During the harvesting season, a representative sample of each delivery of sunflower seeds at the various silos was taken according to the prescribed grading regulations. The sampling procedure as well as a copy of the grading regulations form part of the report. One hundred and seventy six composite sunflower samples, representing the different production regions, were analysed for quality. The samples were graded, milled and chemically analysed for moisture, crude protein, crude fat, crude fibre as well as ash content.
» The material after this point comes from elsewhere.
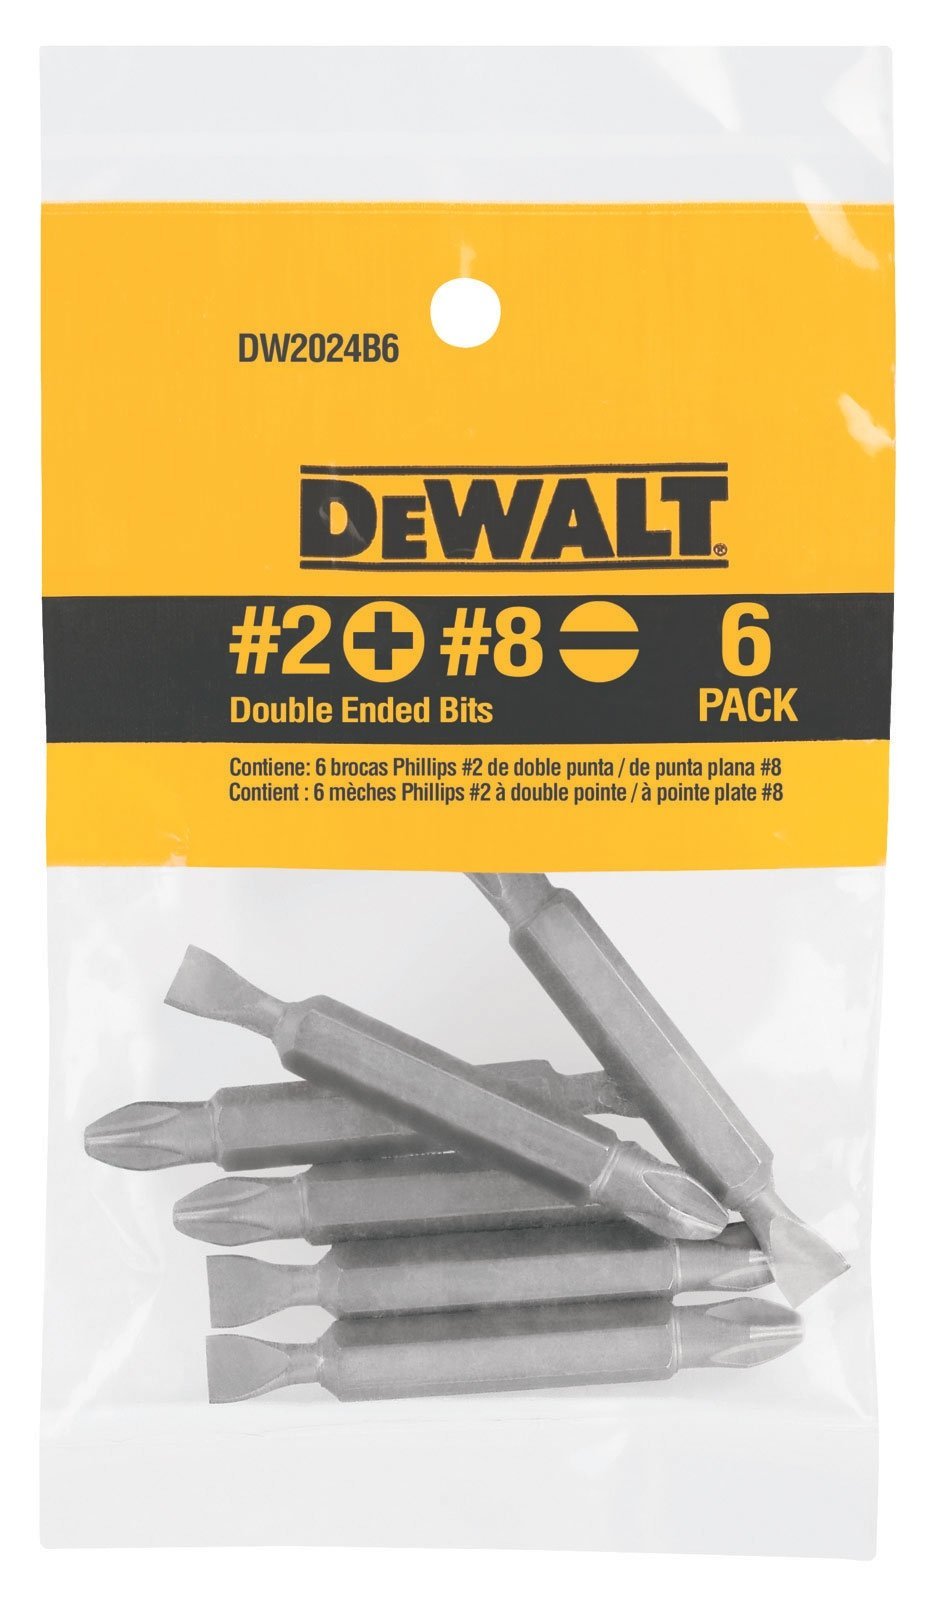 DEWALT Screwdriver Set, #2 Phillips / No. 8 Slotted Double Ended Bit, 6-Pack (DW2024B6) - NewNest Australia

The goal of this crop quality survey is the compilation of a detailed database, accumulating quality data collected over several seasons on the commercial national sunflower crop, which is essential in assisting with decision making processes. The results are available on the SAGL website. The hard copy reports are distributed to Directly Affected Groups and interested parties. The report is also available for download in a PDF format from the website.
In addition to the quality information, production figures (obtained from the Crop Estimates Committee (CEC)) relating to hectares planted, tons produced, and yields obtained on a national as well as provincial basis, over an eleven-season period, are provided in this report. SAGIS (South African Grain Information Service) supply and demand information, including import and export figures over several seasons are provided in table and graph format.
The report of the Evaluation of sunflower cultivars 2016/2017 season conducted by the ARC-Grain Crops Institute in collaboration with Agricol, Pannar, Pioneer and AGT is also included in this report, as is the national grading regulations as published in the Government Gazette No. 45 of 22 January 2016.
Summary of results
Eighty five percent (150) of the 176 samples analysed for the purpose of this survey were graded as Grade FH1 and 26 of the samples were downgraded to COSF (Class Other Sunflower Seed). The percentage of FH1 samples showed an increase compared to the 78% of the previous season and is similar to the 86% of the 2014/2015 season.
- Five samples were downgraded as a result of a combination of the percentage damaged sunflower seed exceeding the maximum permissible deviation of 10% as well as the presence of an undesired odour.
- Seventeen of the samples were downgraded as a result of the percentage of either the screenings or the collective deviations or a combination of both exceeding the maximum permissible deviations of 4% and 6% respectively.
- Two samples were downgraded as a result of a combination of the foreign matter and collective deviations exceeding the maximum permissible deviations of 4% and 6% respectively.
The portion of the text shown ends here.